I don't believe that Zlib::GzipWriter#mtime serves any purpose in the context of http payloads. The Last-Modified header is transmitted for both original and compressed resources and I haven't found evidence that any browser/client resolves gzip#mtime. Some clients do mishandle conditional requests when the last-modified header changes but the contents do not:

More than a couple of feed readers use a library which hashes the contents of the body and then skips updating their cached values for Last-Modified and ETag. This makes them send the old values over and over, turning them into a generator of unconditional requests. This is bad.
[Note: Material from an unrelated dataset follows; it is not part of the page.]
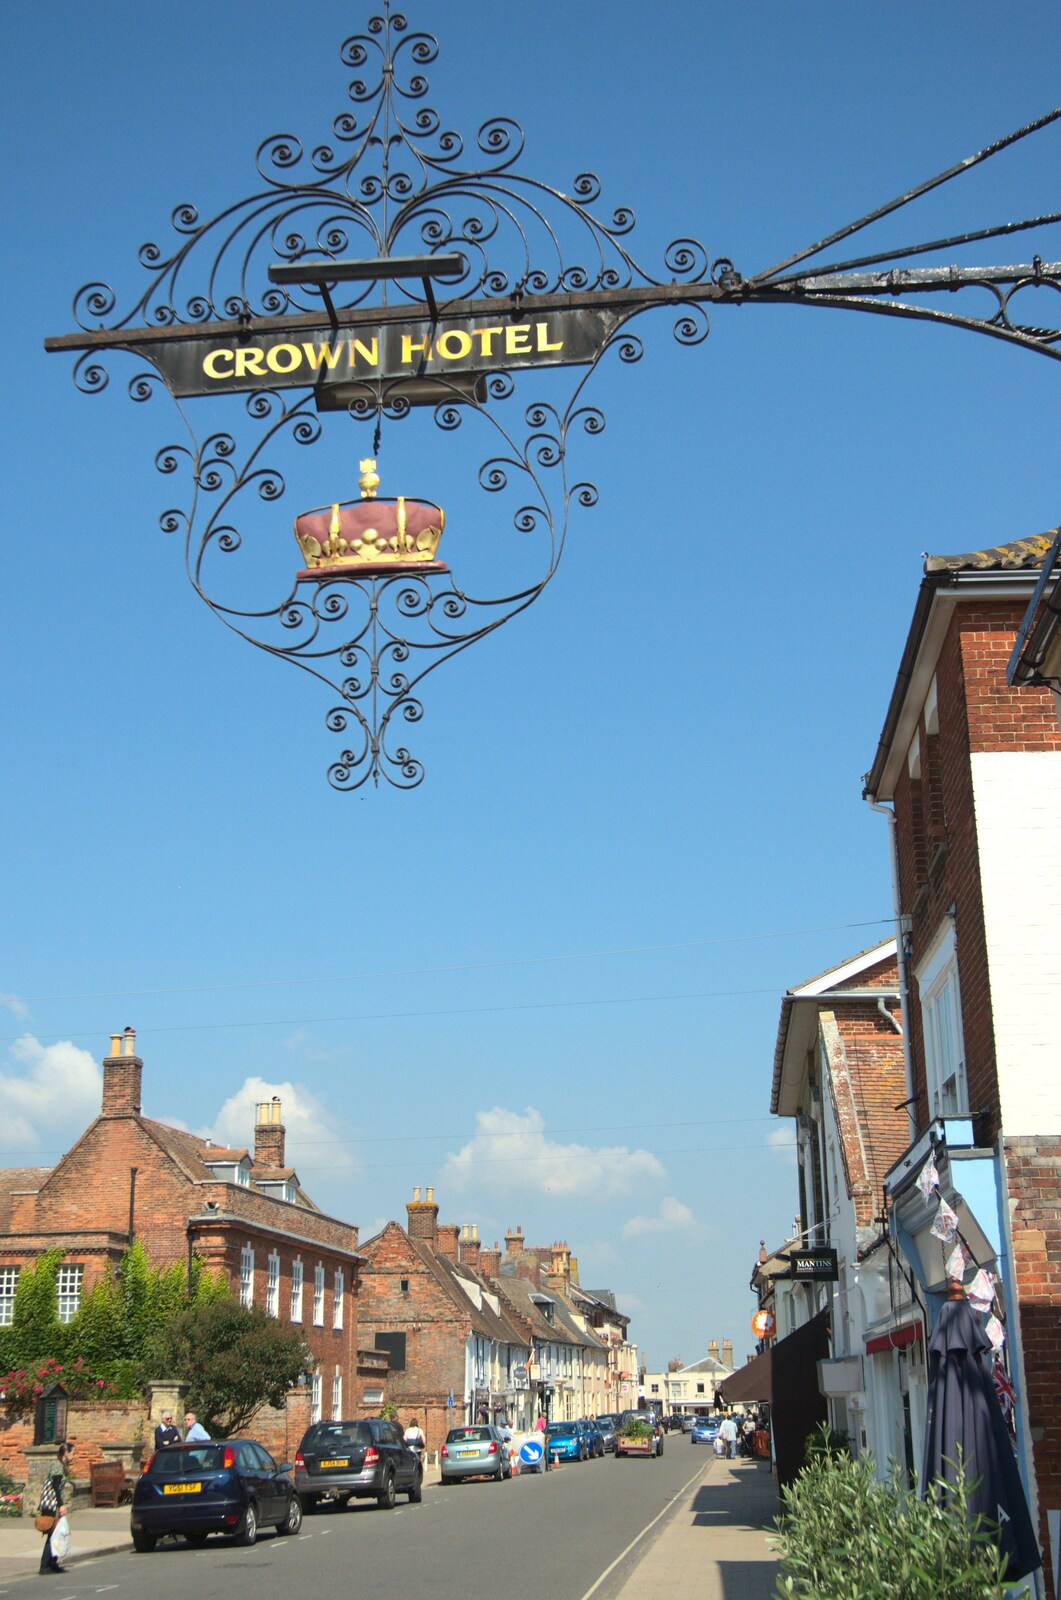 The High Street, and the Crown Hotel's sign from The First Anniversary, Southwold, Suffolk - 3rd July 2011

...but I think it would be weird to justify only handling that with gzip compression.

@jeremyevans
Copy link
Copy Markdown
Contributor

Is the current code causing any observable problems, or is this proposed change to reduce overall complexity?

@bensheldon
Copy link
Copy Markdown
Contributor Author

Is the current code causing any observable problems, or is this proposed change to reduce overall complexity?

Good question! It's not causing any observable problems. I see it as:

  • Improving correctness and exemplariness. Sprockets is doing the same thing (next on my list) where it is causing me observable problems.
  • Removing complexity
  • Speculatively improving cacheability.

@bensheldon
Copy link
Copy Markdown
Contributor Author

Aha! Just found the discussion about this from 2008. Still a bit muddled though:

I can't get a full test case, because gzip needs a header for the
mtime of the data, changing the output. Is there a good way to test
the output (maybe gunzipping the output and comparing it to the
original)? I should probably also change it to use the Last-Modified
header as the mtime.

@ioquatix ioquatix requested a review from Copilot August 27, 2025 08:46
Copy link
Copy Markdown

Copilot AI left a comment

Choose a reason for hiding this comment

The reason will be displayed to describe this comment to others. Learn more.

Pull Request Overview

This PR removes the variable mtime property from gzipped assets produced by Rack::Deflater to ensure deterministic compression output. By setting Zlib::GzipWriter#mtime to a fixed value of 0 instead of using the Last-Modified header value, the compressed resource's content becomes solely dependent on the uncompressed content, not the modification time.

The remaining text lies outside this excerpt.